|
|
|
|
Her Rus, Nataşa değildir
Güzel, eğitimli ve yumuşak başlı Rus kadınları son yıllarda Türk erkeklerinin gözdesi haline geldi. Yine de her Rus kadınının Nataşa olmadığını unutuyoruz
Geçenlerde bizim gazetede Rus bir finans uzmanı hanımla ilgili bir haber vardı. Bu hanım otoparkta bir hastane sahibesiyle tartışmış ve hanım ona "Nataşa" diyerek hakarette bulunmuş ve Rus hanım da hastane sahibesi aleyhine tazminat davası açmış. Ve "Her Rus, Nataşa değildir. Ben Rusya'da heykeli dikilen bir kozmonotun kızıyım" diyor. Evet, maalesef bizim ülkemizde yıllardır her Rus kadınına "Nataşa" deniyor. Hatta bunu sadece halk yapmıyor. Halkı desteklercesine birçok resmi kademede böyle olaylar yaşanıyor. Mesela kimlik kontrolünde bile Rus olduğunu fark ettiği kadına polislerimizin bile yaklaşımı farklı oluyor.

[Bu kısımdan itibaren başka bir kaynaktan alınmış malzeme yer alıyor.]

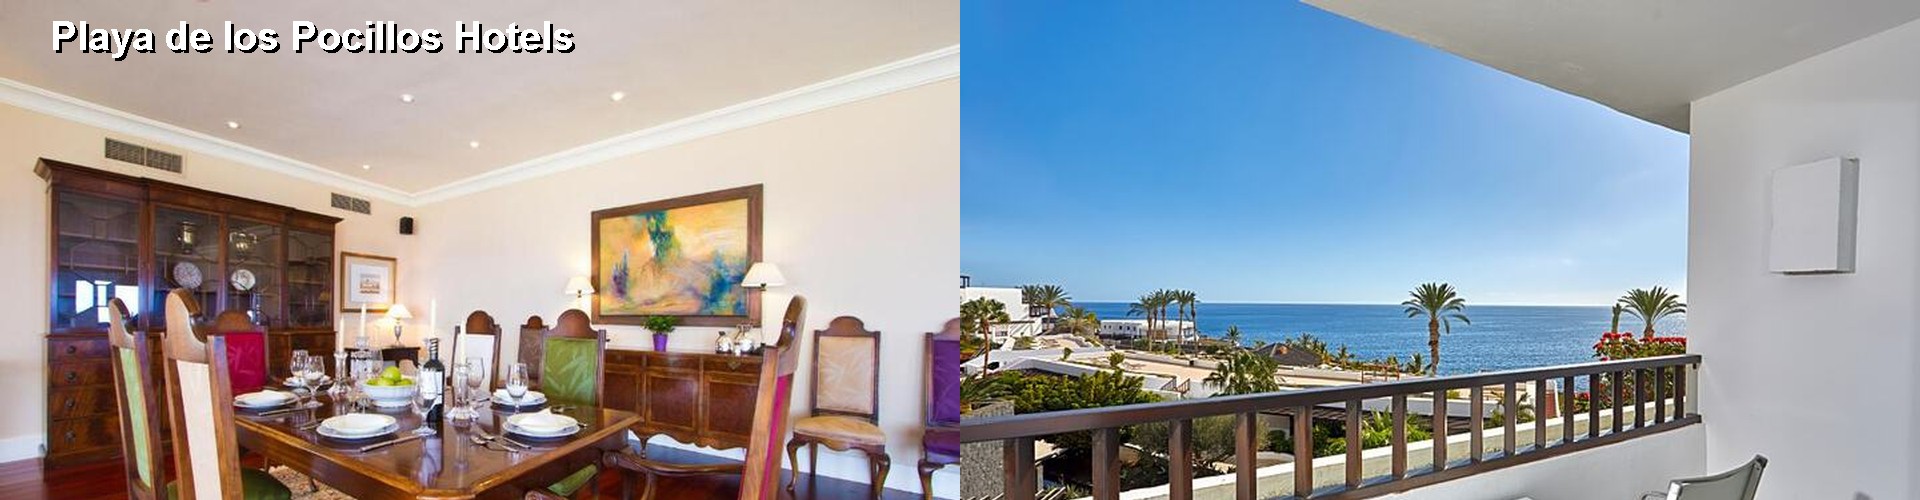 5 Best Hotels near Playa de los Pocillos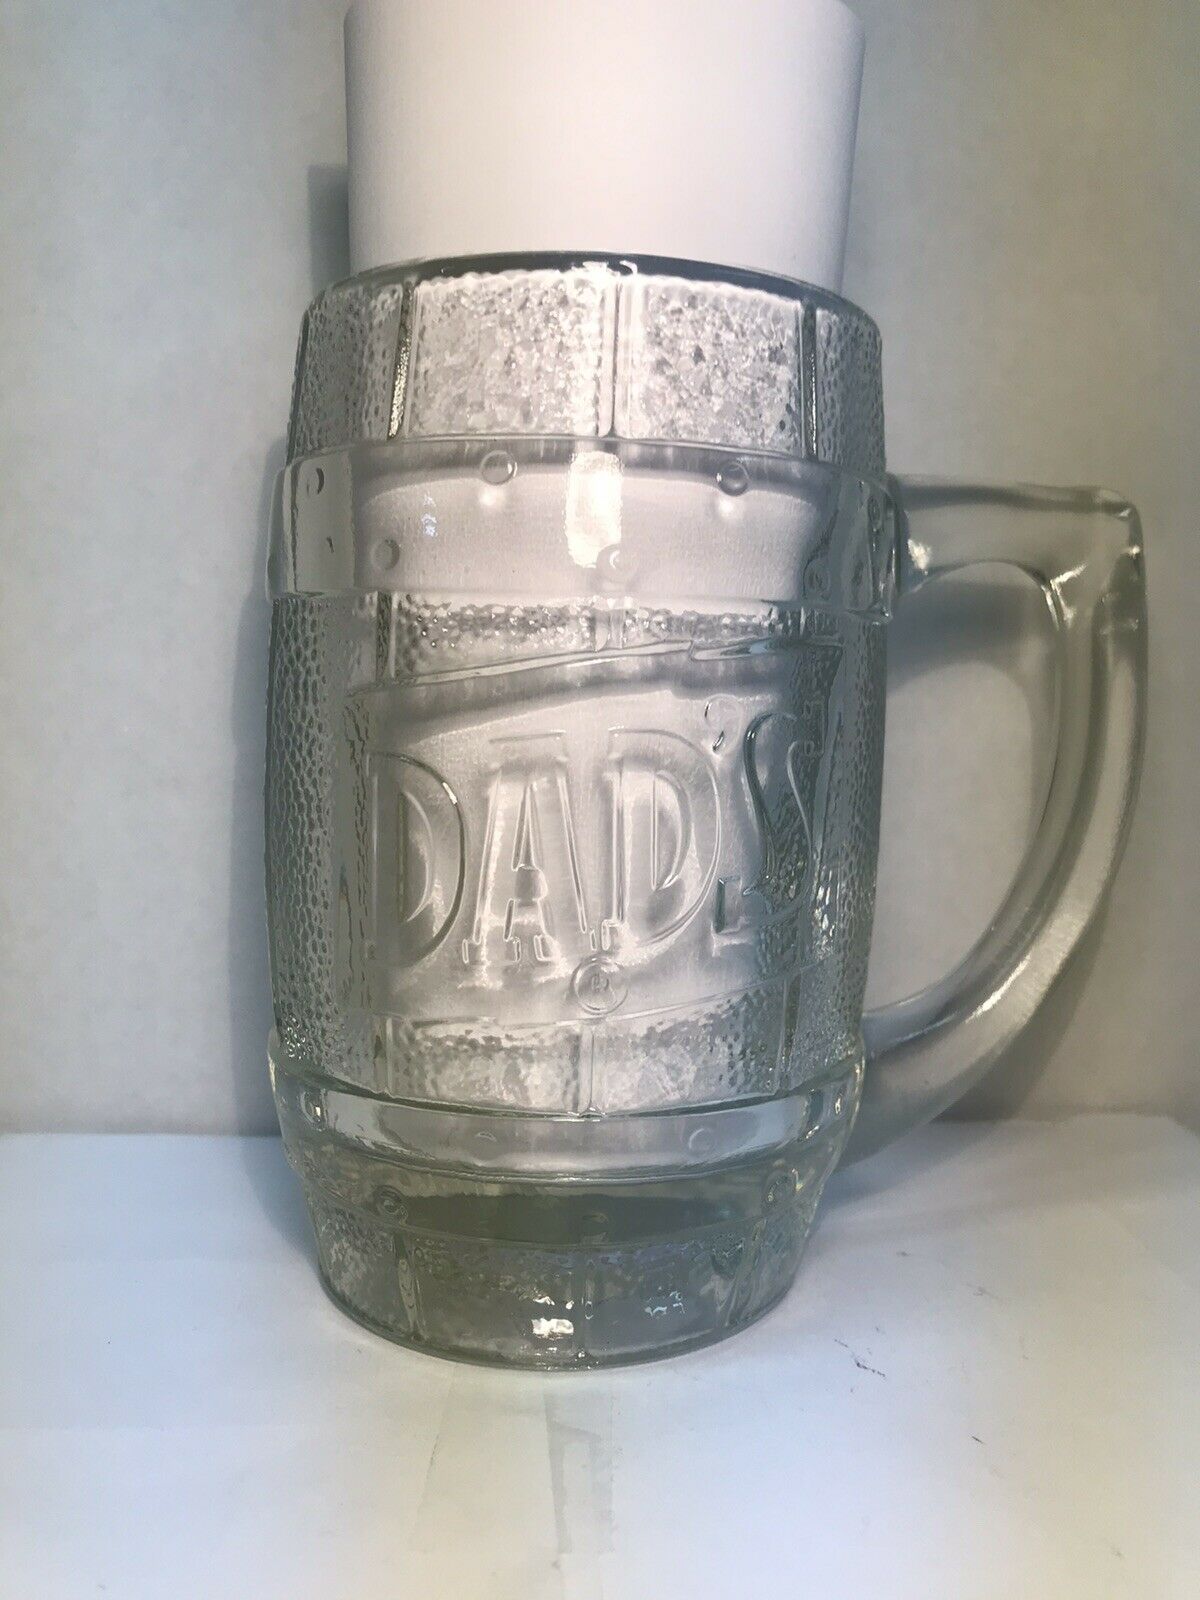 Vintage Dad’s Root Beer Barrel Mug, Very Heavy

Tabii ki Türkiye'de "Nataşa" olayı inanılmaz boyutta. Hatta Aksaray, Laleli civarında birtakım gece kulüplerinde top model kadar güzel birçok Rus kız çalışıyor. Birçok erkek bu kulüplere gidip orada bu kızlarla dans ediyor, isterse eve isterse kulübün üstündeki otele götürüyor. Ya da "Nataşa" sektörünü destekleyen insanlarla irtibata geçen birçok erkek aşk satın alıyor. Hepsinin tezi de aynı: İnanılmaz güzeller, inanılmaz yumuşak başlılar ve bizi çok erkek hissettiriyorlar. Hatta işi daha ileri boyuta götürüp bu kızlara aşık olup ilişki yaşayanlar bile var. Tamam böyle bir sektör var ve bu sektör Türk erkeklerinin emrinde. Bunu inkar eden yok. Ama madalyonun bir de öbür yüzü var.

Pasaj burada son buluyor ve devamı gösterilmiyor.